Entry points overview
This page gives quick examples of how to use each of Meadowrun's entry points.
We will assume you've gone through either the quickstart or one of the tutorials for a
specific platform (AWS EC2, Azure VMs,
GKE, or Kubernetes). In the examples, we'll use
host
and resources
variables that we don't define here. You will need to define
these variables as they were defined (as parameters) in the platform-specific tutorials.
run_function
Runs a function remotely. Example:
meadowrun.run_function(lambda: sum(range(1000)) / 1000, host, resources)
Returns 499.5
.
run_command
Runs a command remotely. See Run a Jupyter notebook remotely for
a fully worked example of using run_command
.
run_map
run_map
is like the built-in
map
function, but it runs in
parallel and remotely. This is a powerful tool for scaling computations: easily use
hundreds or thousands of cores in parallel to process large data sets.
Example:
meadowrun.run_map(lambda x: x ** x, [2, 3, 4, 5], host, resources)

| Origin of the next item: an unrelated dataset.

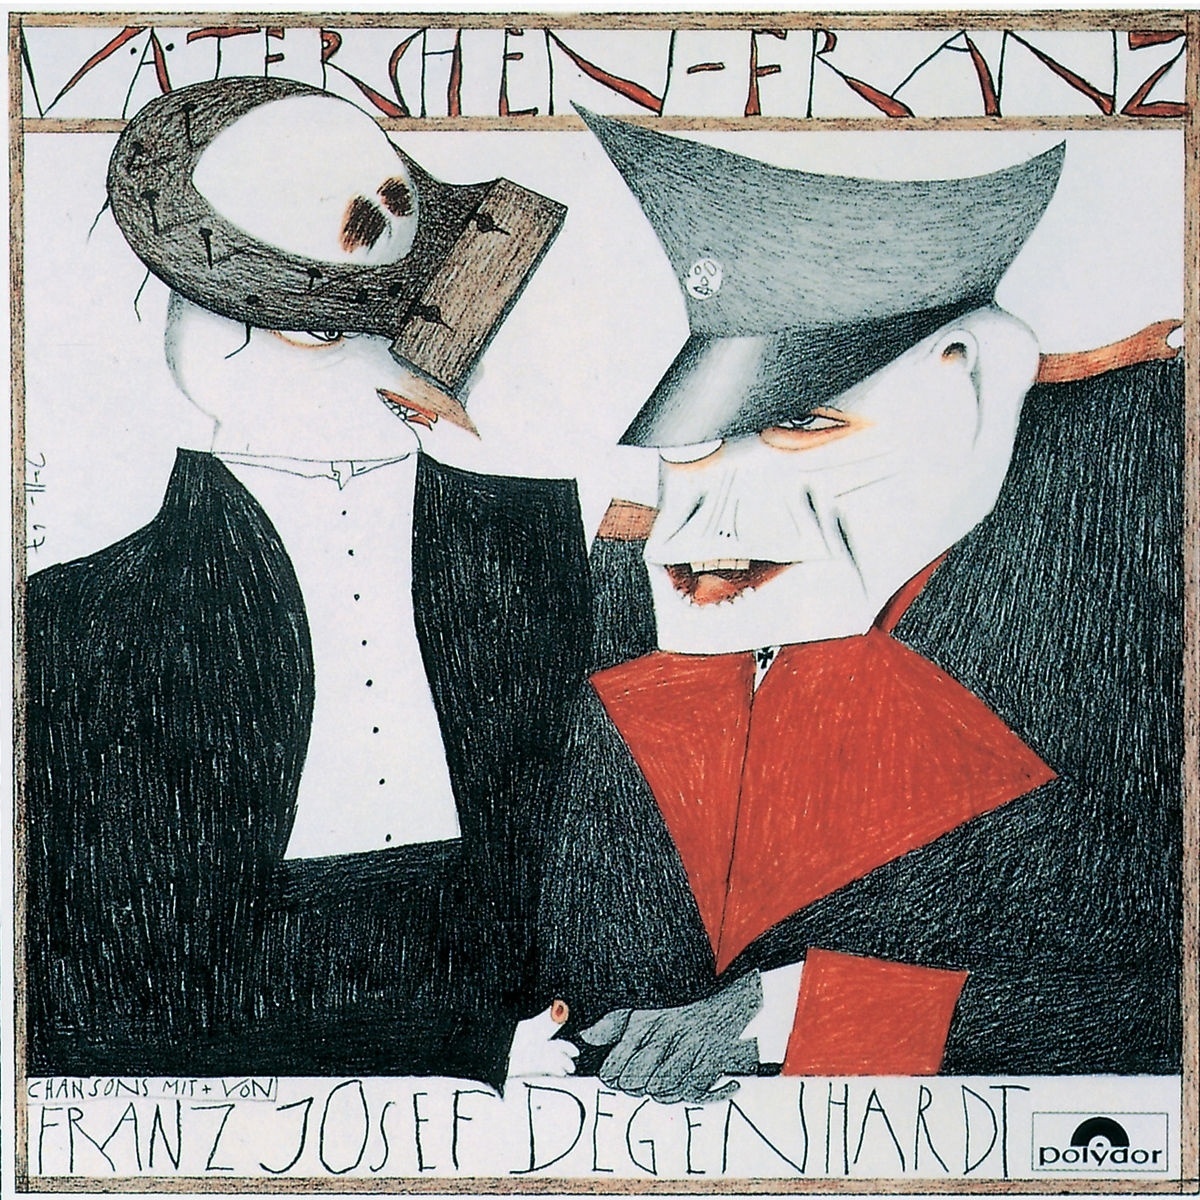 Väterchen Franz - Franz Josef Degenhardt. (CD)

In this case, resources applies per task.
The output is:
[4, 27, 256, 3125]
With run_map
, you will no longer see the standard output from the remote processes
locally. To see the logs from your processes you'll want to look at Stream logs on AWS
or Azure.
The Kubernetes implementation of run_map
currently has a major limitation which is
that the tasks are assigned to workers at the start of the job. This means that if
you have tasks where some take a long time and some finish quickly, the distribution of
tasks will be suboptimal.
run_map_as_completed
run_map_as_completed
is similar to run_map
but it returns an AsyncIterable
rather
than as simple list of results. Results will be returned as tasks complete. Example:
async for result in await meadowrun.run_map_as_completed(
lambda x: x ** x, [2, 3, 4, 5], host, resources
):
print(result.result_or_raise())
The output is:
27
4
256
3125
In general, there's no guarantee what order the results come back in.
run_map
is recommended for most use cases. Consider using run_map_as_completed
if
your use case requires further processing of results locally, and you'd like to
interleave this processing with executing the tasks. This could be beneficial if the
processing is time-intensive.